Leaving the pictures aside, return the listing exactly as it appears.

Data extract:
[Start of section]
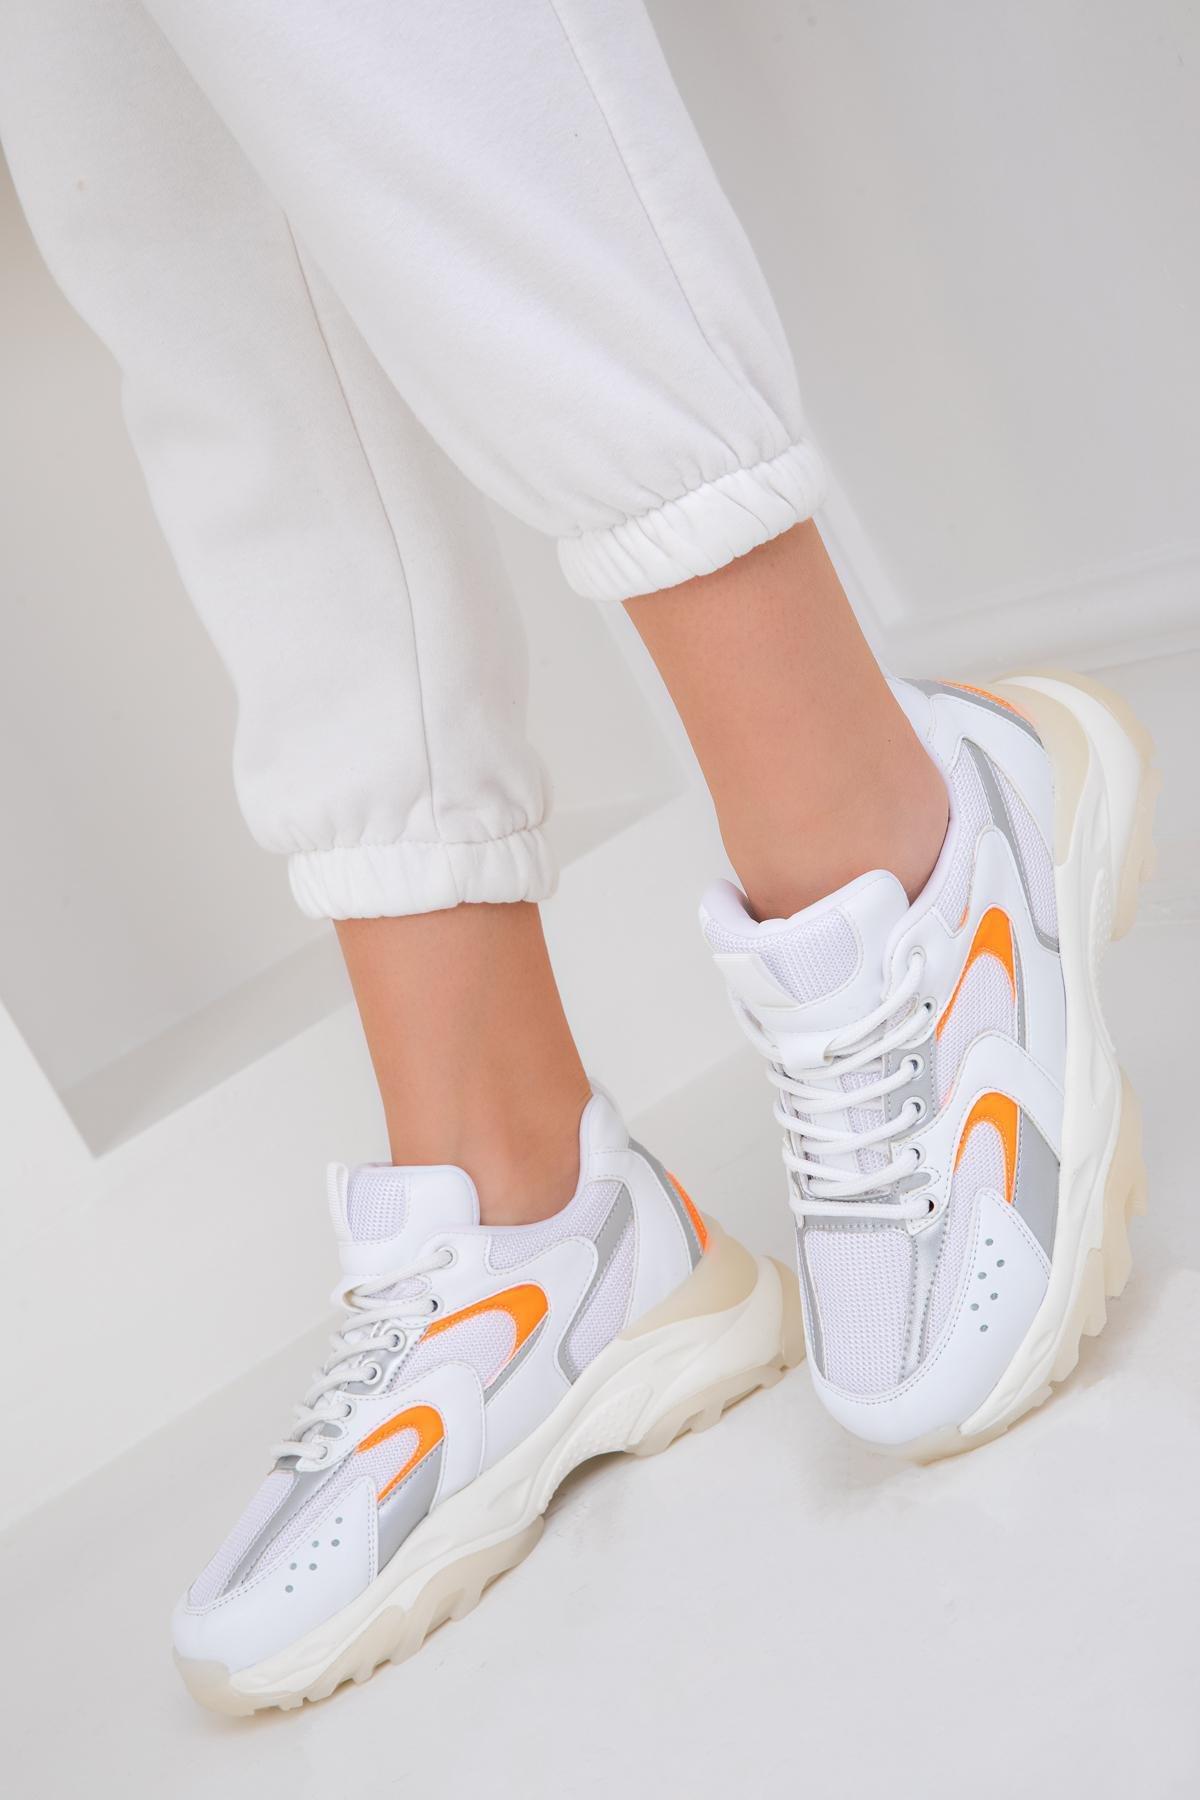 SOHO - White-Silver-Orange Womens Sneakers 18109
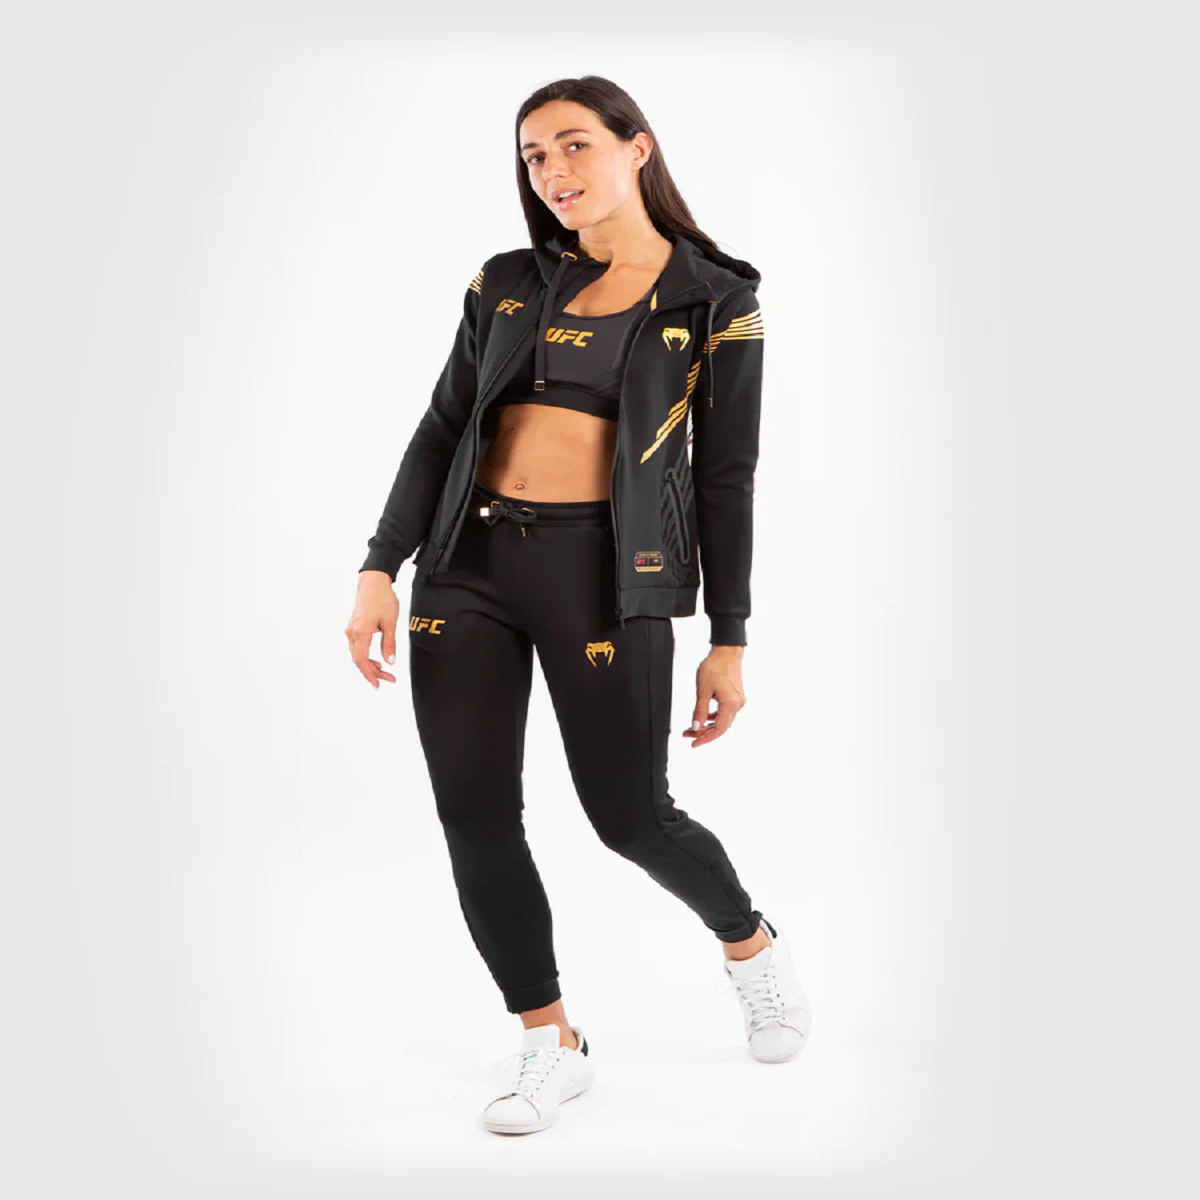 Venum Women's UFC Authentic Fight Night Walkout Sweatpants - Black/Gold Venum
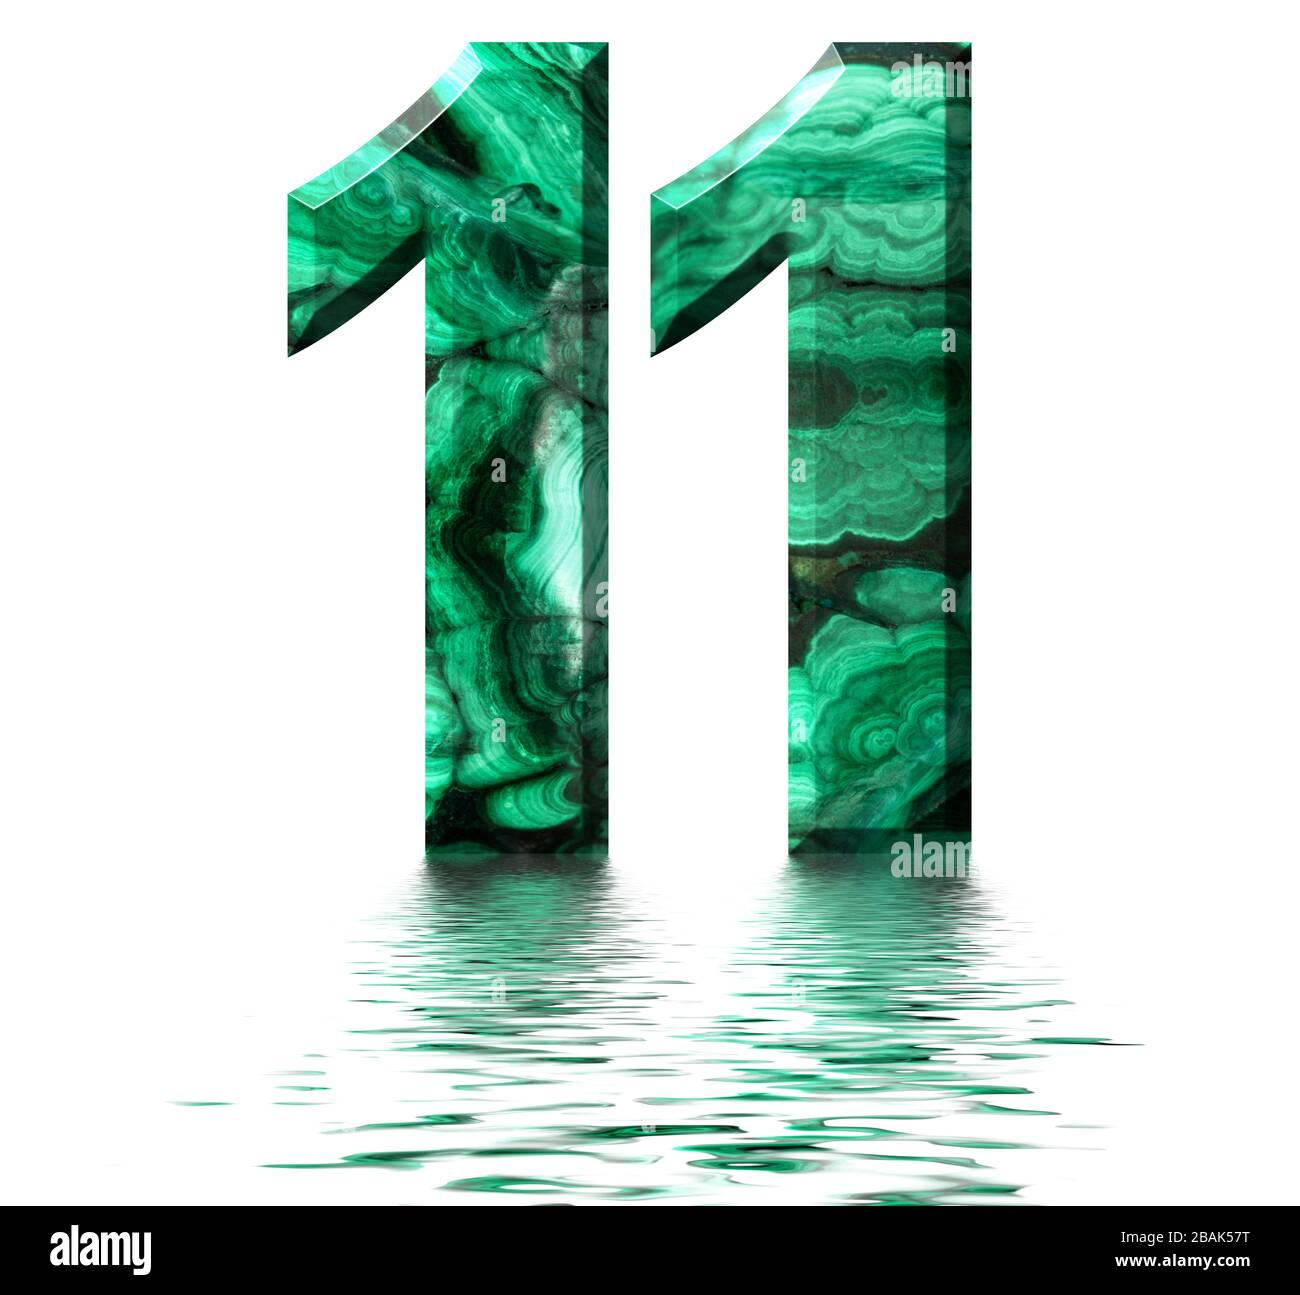 Numero arabo 11, undici, di malachite verde naturale, riflessa sulla superficie dell'acqua, isolata su bianco, resa 3d Foto Stock
[End of section]
Response to the exercise:
 SOHO - White-Silver-Orange Womens Sneakers 18109
 Venum Women's UFC Authentic Fight Night Walkout Sweatpants - Black/Gold Venum
 Numero arabo 11, undici, di malachite verde naturale, riflessa sulla superficie dell'acqua, isolata su bianco, resa 3d Foto Stock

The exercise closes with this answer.